Richard Frank Cebull (born March 18, 1944) is a former United States district judge of the United States District Court for the District of Montana.

Early life and career

Born in Billings, Montana, and raised in Roundup, Montana,  Cebull received his Bachelor of Science from Montana State University (1966) and his Juris Doctor from the University of Montana Law School (1969). He was in private practice in Montana (1969–97) and a Trial Judge of the Northern Cheyenne Tribal Court (1970–72).

Federal judicial service

Cebull served as a United States magistrate judge for the District of Montana from 1998 to 2001. On May 17, 2001, Cebull was nominated by President George W. Bush to a seat on the United States District Court for the District of Montana vacated by Jack D. Shanstrom. Cebull was confirmed by the United States Senate on July 20, 2001, and received his commission on July 25, 2001. He became chief judge in 2008.

In a 2002 case brought by natural beef producers, the Charter family, against the United States Department of Agriculture, Cebull upheld the constitutionality of the Beef Promotion and Research Act of 1985, a government-mandated commodity checkoff program for the United States beef industry. The Charter family objected to being forced to pay into the fund, thus associated against their will with political and economic positions taken by the National Cattlemen’s Beef Association, the primary checkoff contractor. Cebull ruled that "The federal government created and controls the beef checkoff program. … Because the government may utilize private speakers to disseminate content-oriented speech, the [Beef] Act does not violate the rights of free speech or association." The ruling was vacated and remanded by the Ninth Circuit in 2005.

In 2004, Cebull granted the Ranchers-Cattlemen Action Legal Fund and the United Stockgrowers of America an injunction against imports of Canadian cattle over concerns of a potential bovine spongiform encephalopathy outbreak. After rulings from the United States Department of Agriculture and protests from the Canadian government, the United States Court of Appeals for the Ninth Circuit reversed Cebull's injunction in July 2005.

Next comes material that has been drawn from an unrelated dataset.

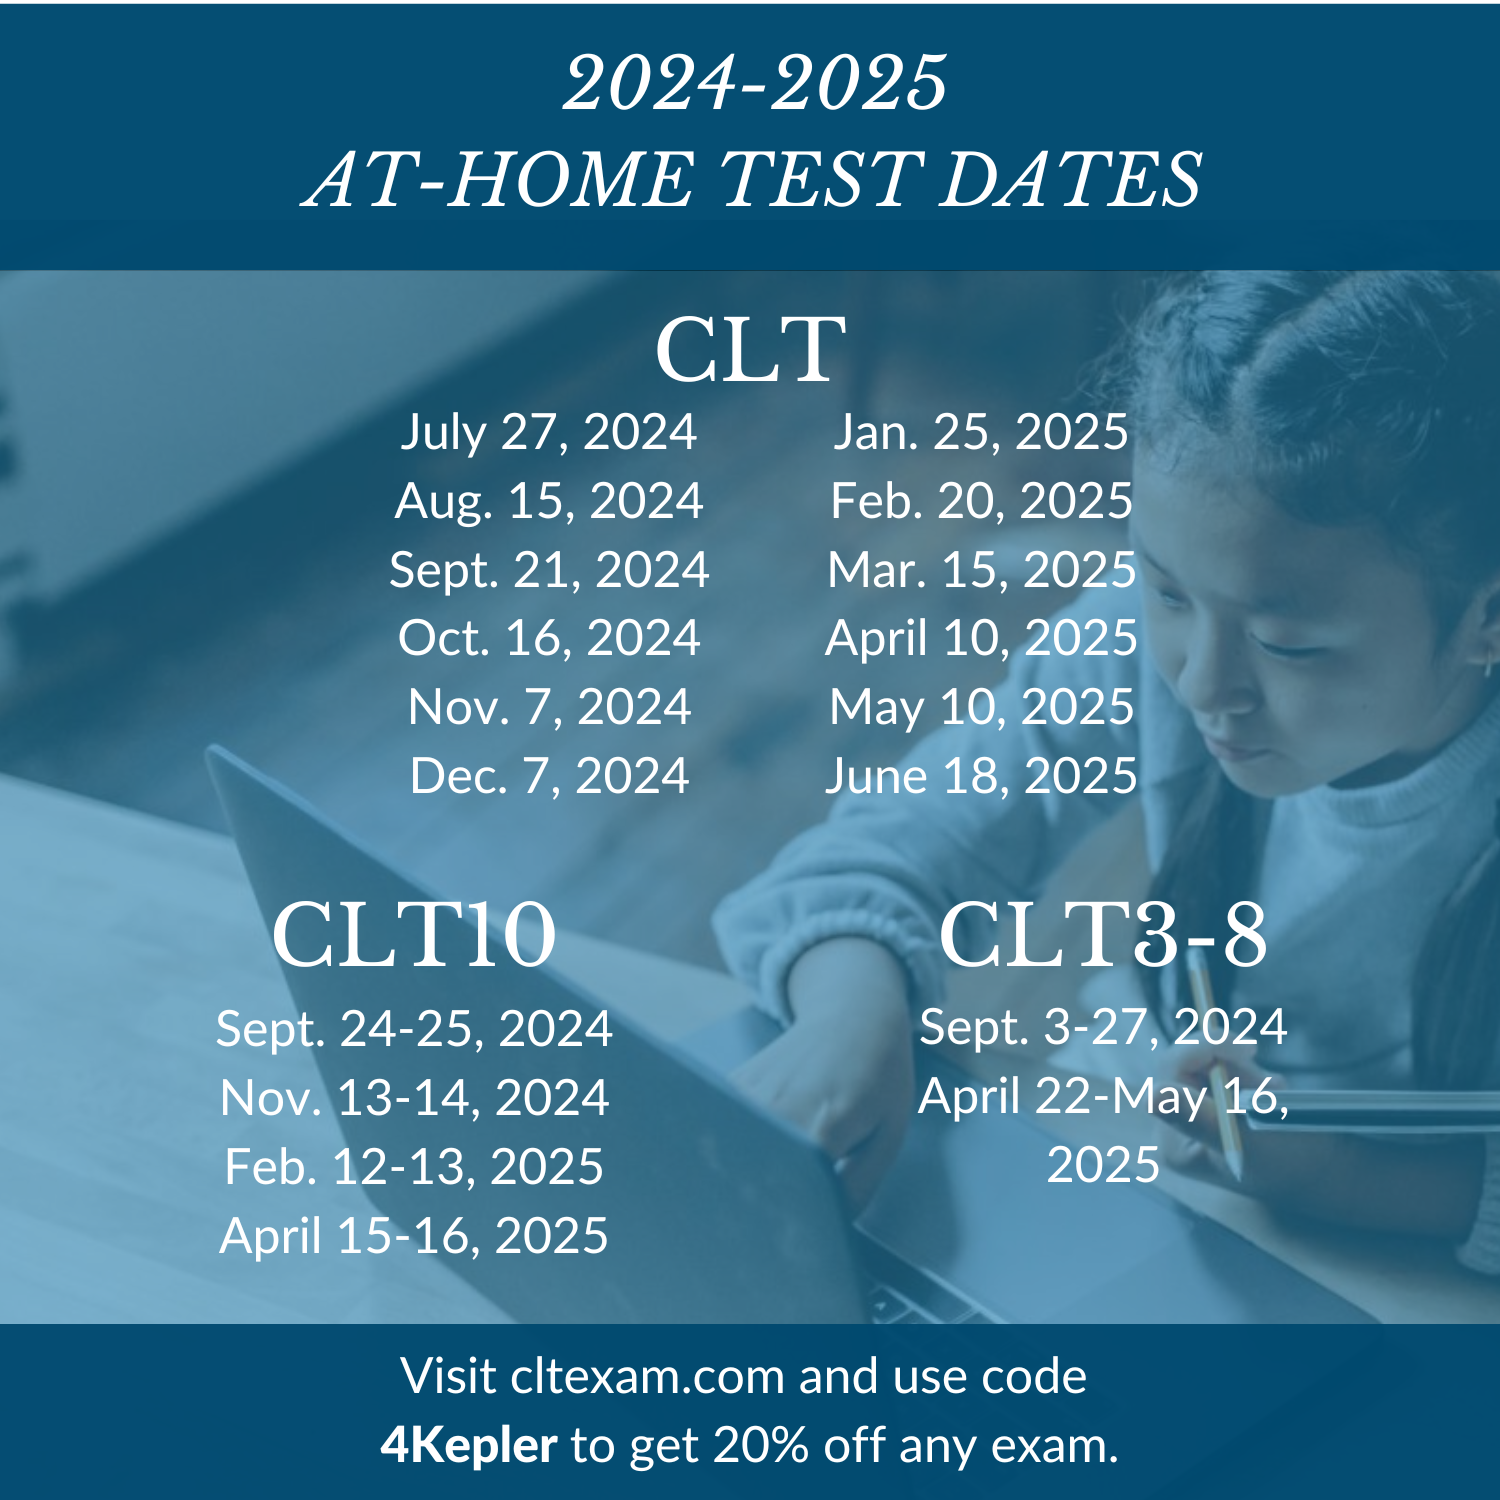 updated test dates graphic for the 2024-2025 school year

Judicial misconduct and resignation
On February 20, 2012, Cebull used his official courthouse email address to forward to seven friends an email containing a racially charged joke about President Barack Obama. In the joke, "A little boy said to his mother; 'Mommy, how come I'm black and you're white?' His mother replied, 'Don't even go there Barack! From what I can remember about that party, you're lucky you don't bark!'" Cebull said he "didn't send it as racist," but rather "sent it out because it's anti-Obama." On March 1, 2012, Cebull initiated a misconduct complaint against himself with the Ninth Circuit and sent a letter of apology to Obama and his family. The Crow Tribal Legislature and a New York Times editorial called for his resignation or impeachment.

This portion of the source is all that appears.